BEGIN

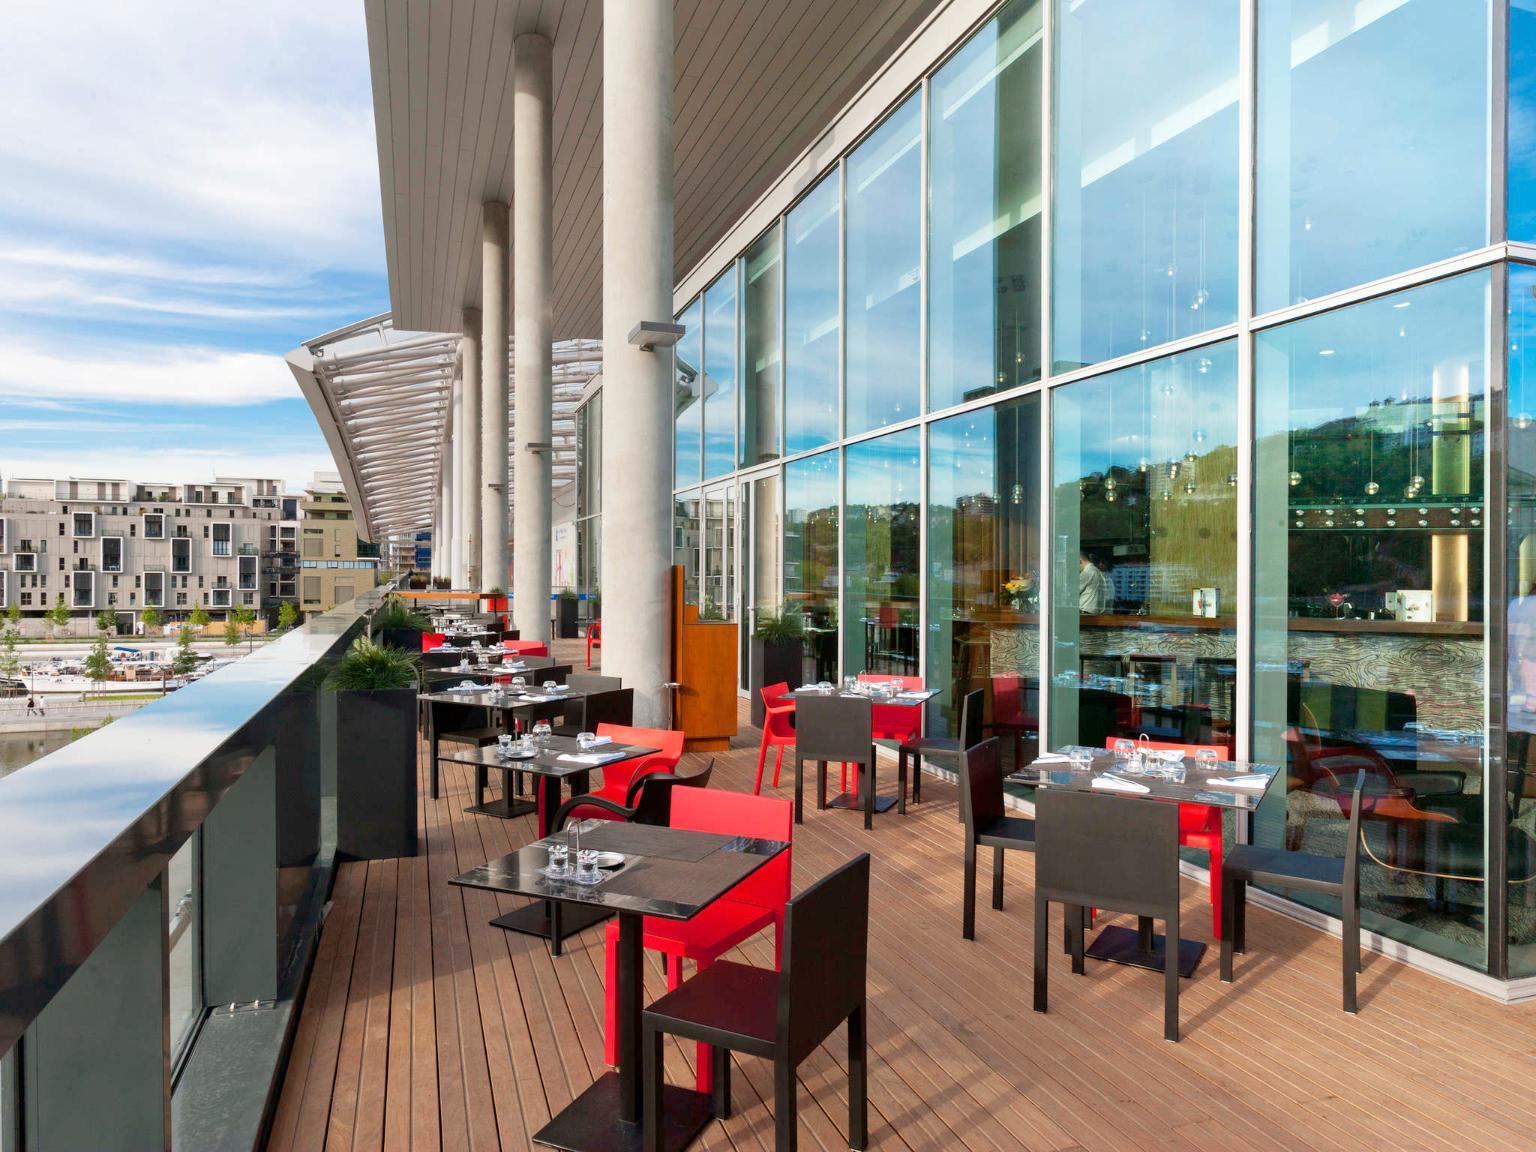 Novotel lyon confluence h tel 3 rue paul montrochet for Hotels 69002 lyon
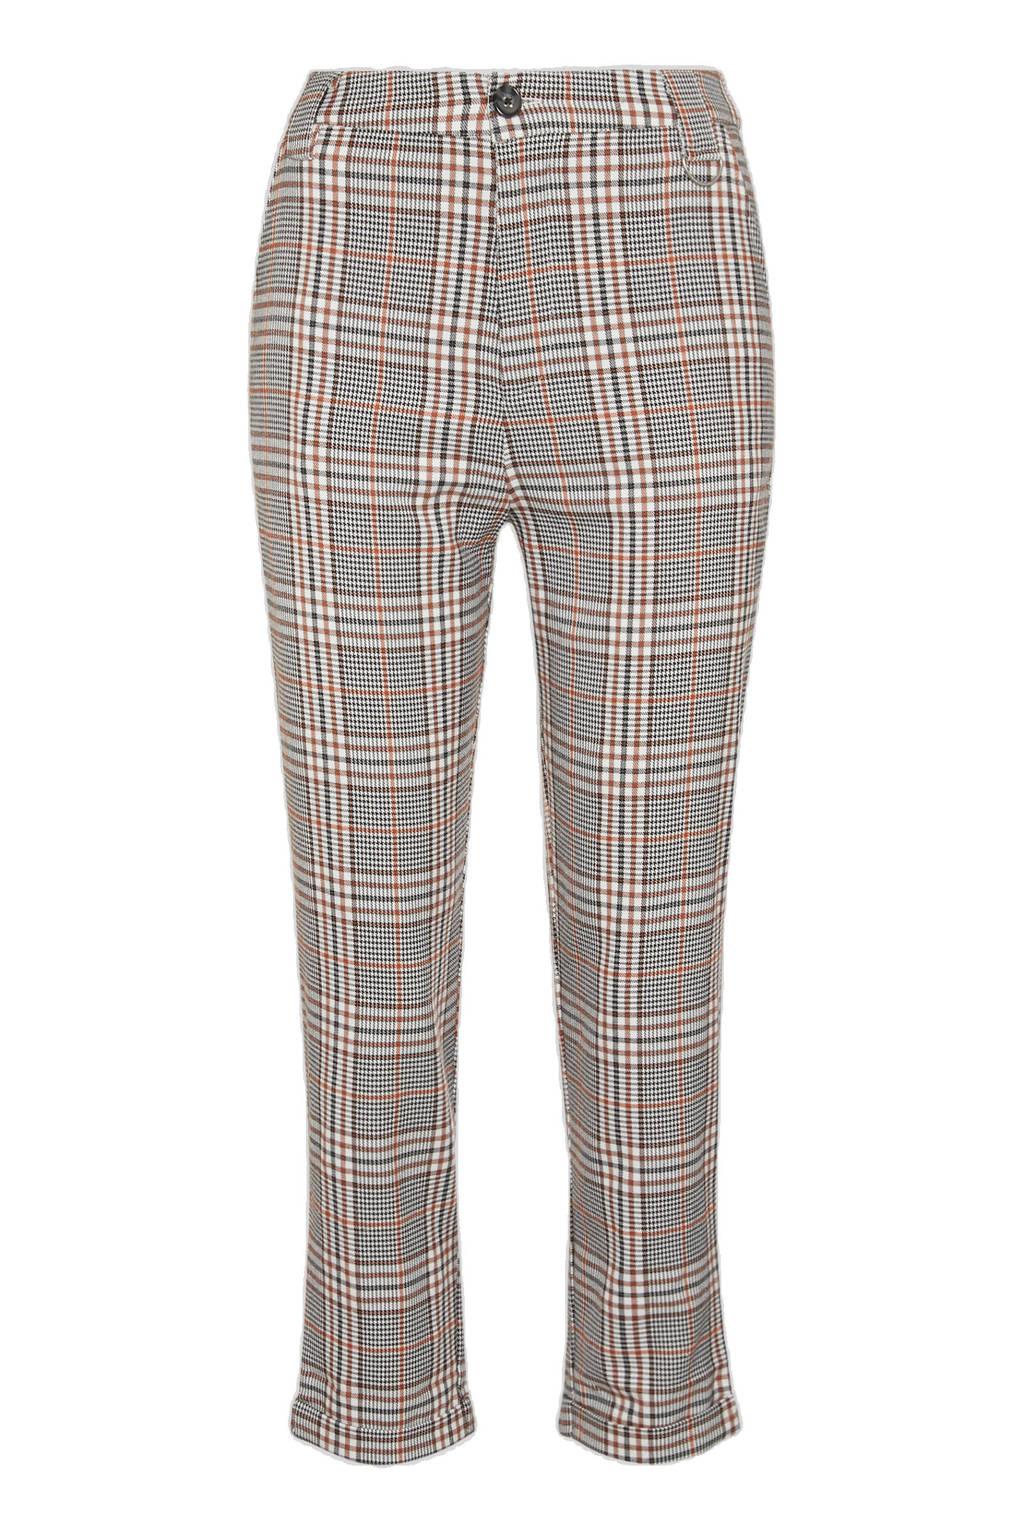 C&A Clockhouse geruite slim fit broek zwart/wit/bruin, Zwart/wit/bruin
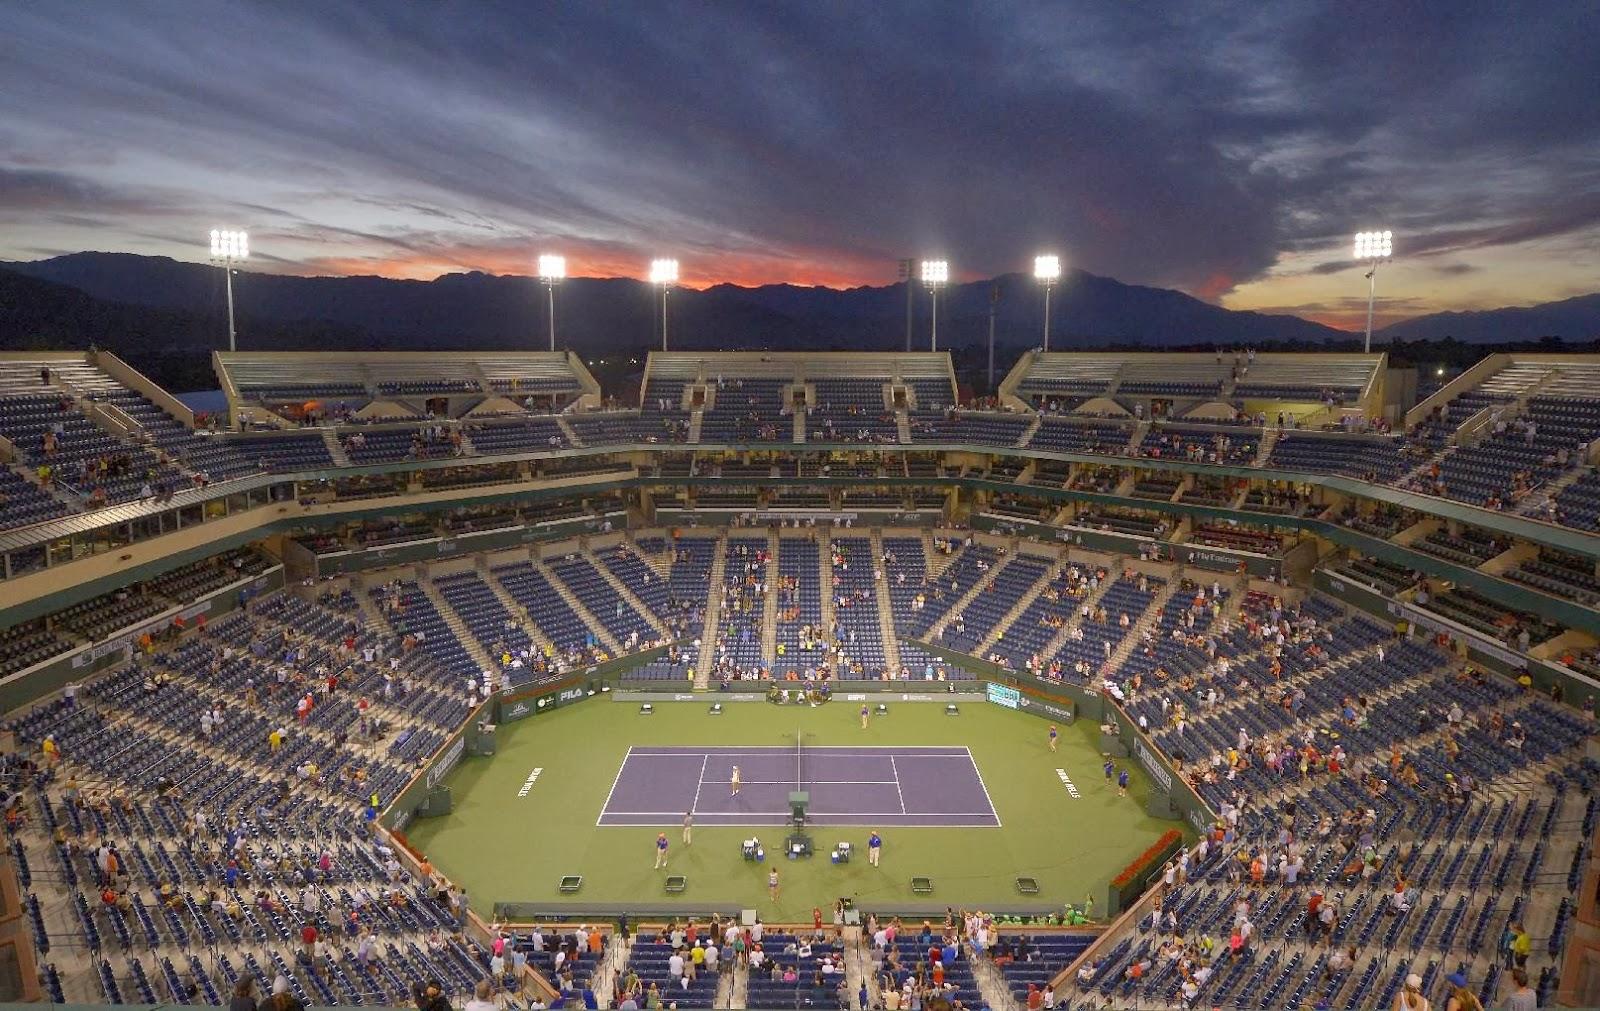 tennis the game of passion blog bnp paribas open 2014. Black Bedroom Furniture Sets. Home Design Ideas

END

Output the full listing above exactly, excluding all pictures.

 Novotel lyon confluence h tel 3 rue paul montrochet for Hotels 69002 lyon
 C&A Clockhouse geruite slim fit broek zwart/wit/bruin, Zwart/wit/bruin
 tennis the game of passion blog bnp paribas open 2014. Black Bedroom Furniture Sets. Home Design Ideas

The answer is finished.